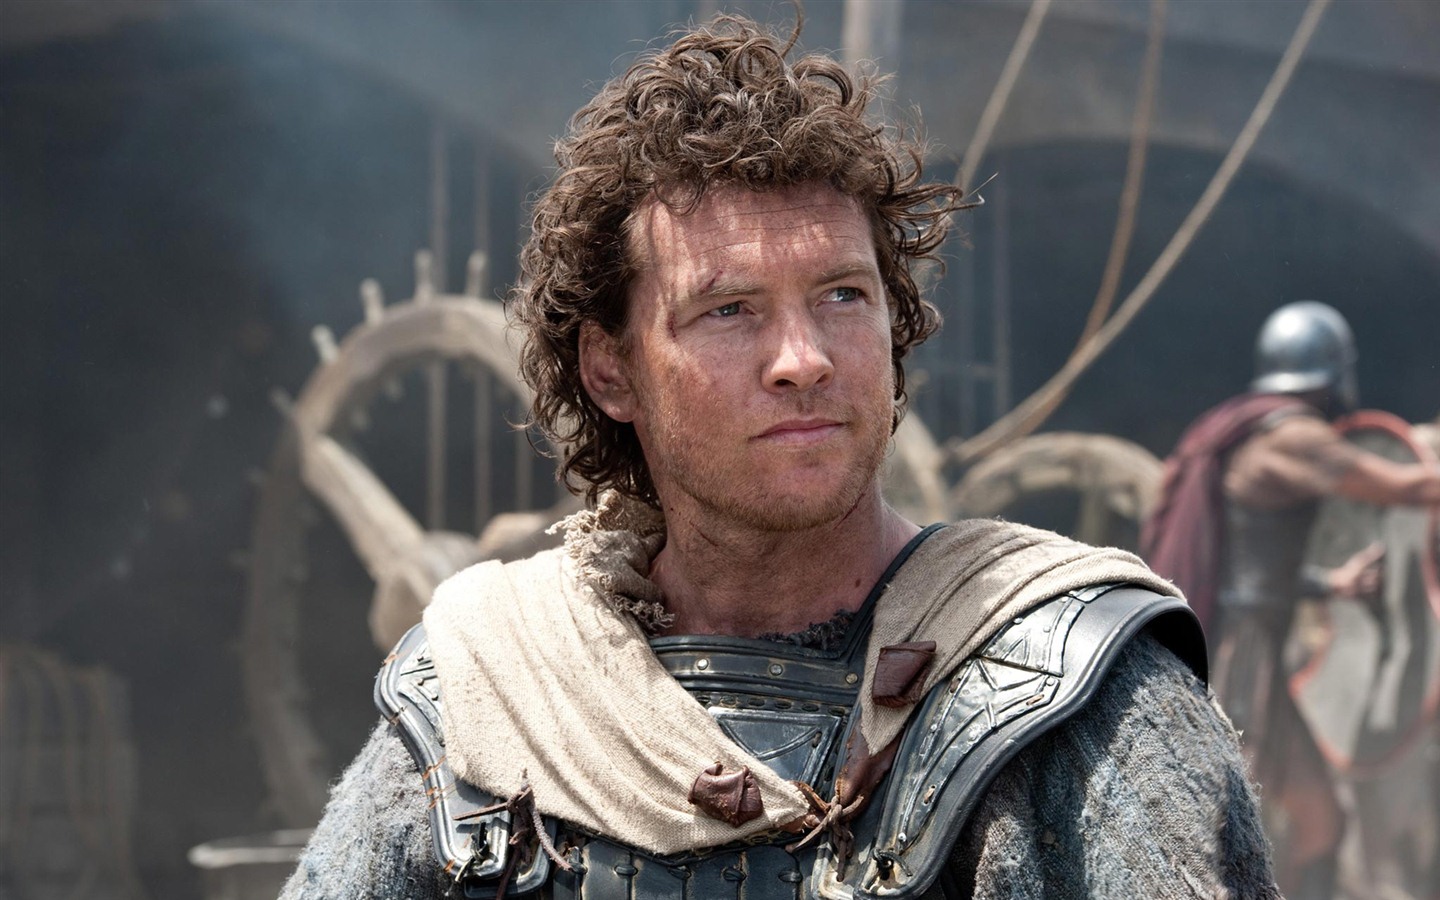 Wrath of the Titans HD Wallpapers #5 - 1440x900
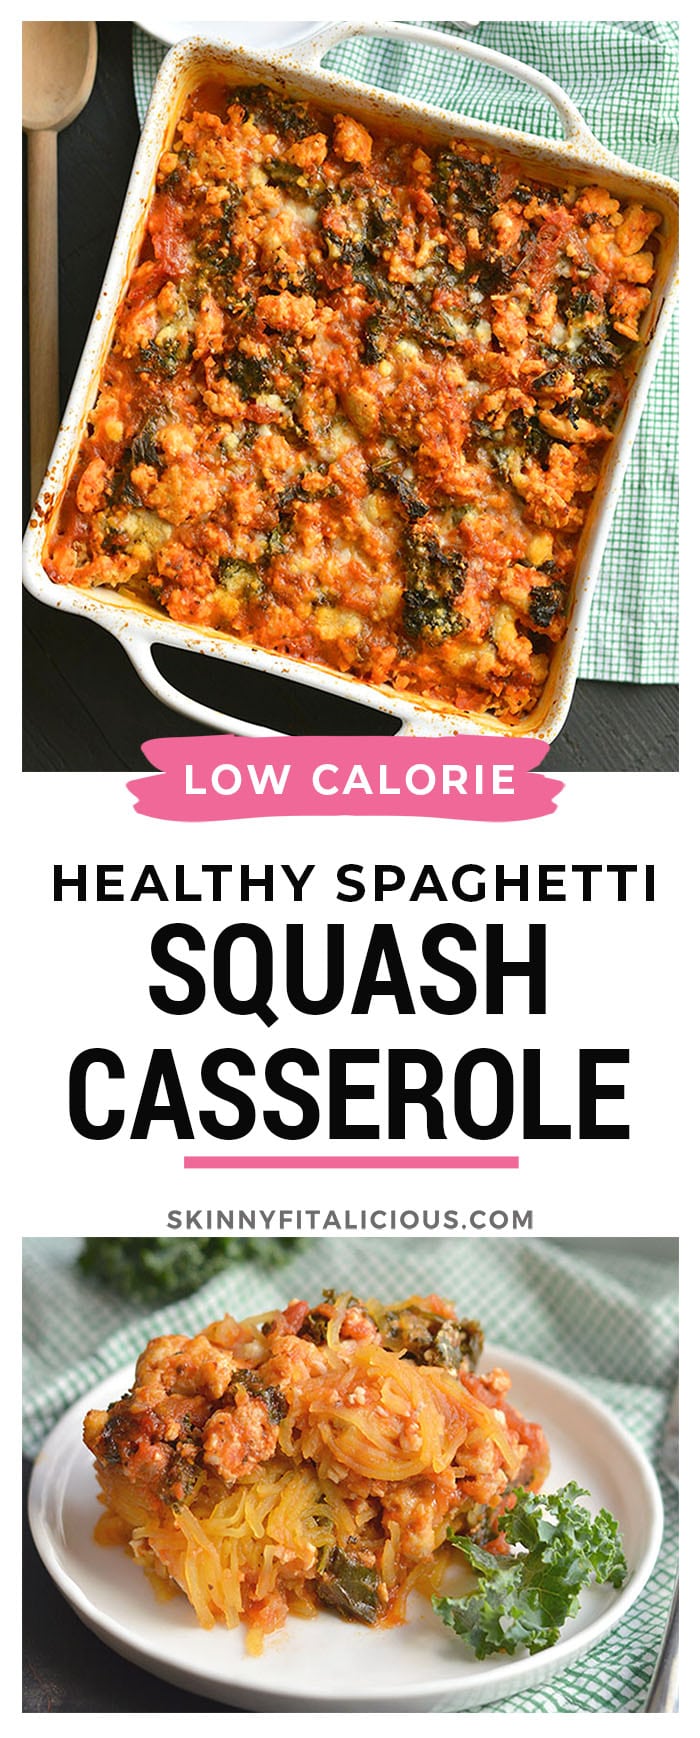 Paleo Spaghetti Squash Lasagna! A healthy casserole perfect for a make ahead meal. Easy to make, packed with protein, feeds a crowd and is freezer friendly!
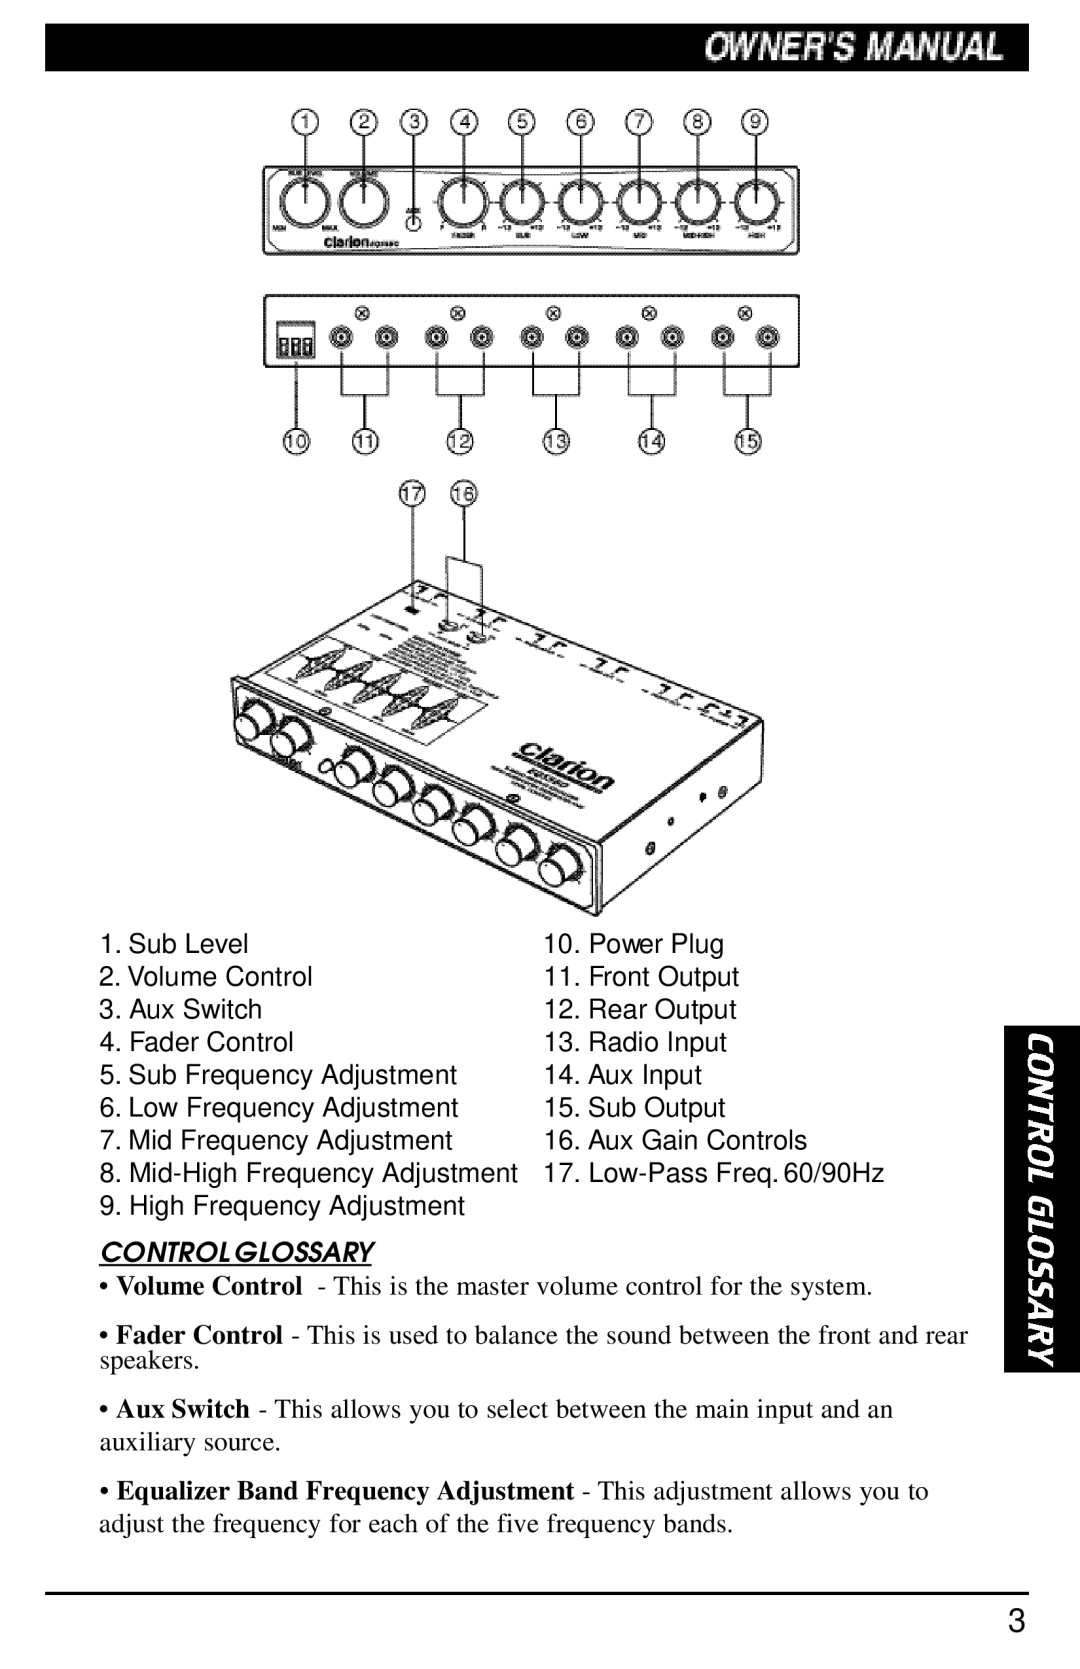 Clarion EQS560 manual Control Glossary

▶ _Required action_
Omit the pictures and reproduce the remaining material above exactly.

▶ _Solution to this problem_
 Wrath of the Titans HD Wallpapers #5 - 1440x900
 Paleo Spaghetti Squash Lasagna! A healthy casserole perfect for a make ahead meal. Easy to make, packed with protein, feeds a crowd and is freezer friendly!
 Clarion EQS560 manual Control Glossary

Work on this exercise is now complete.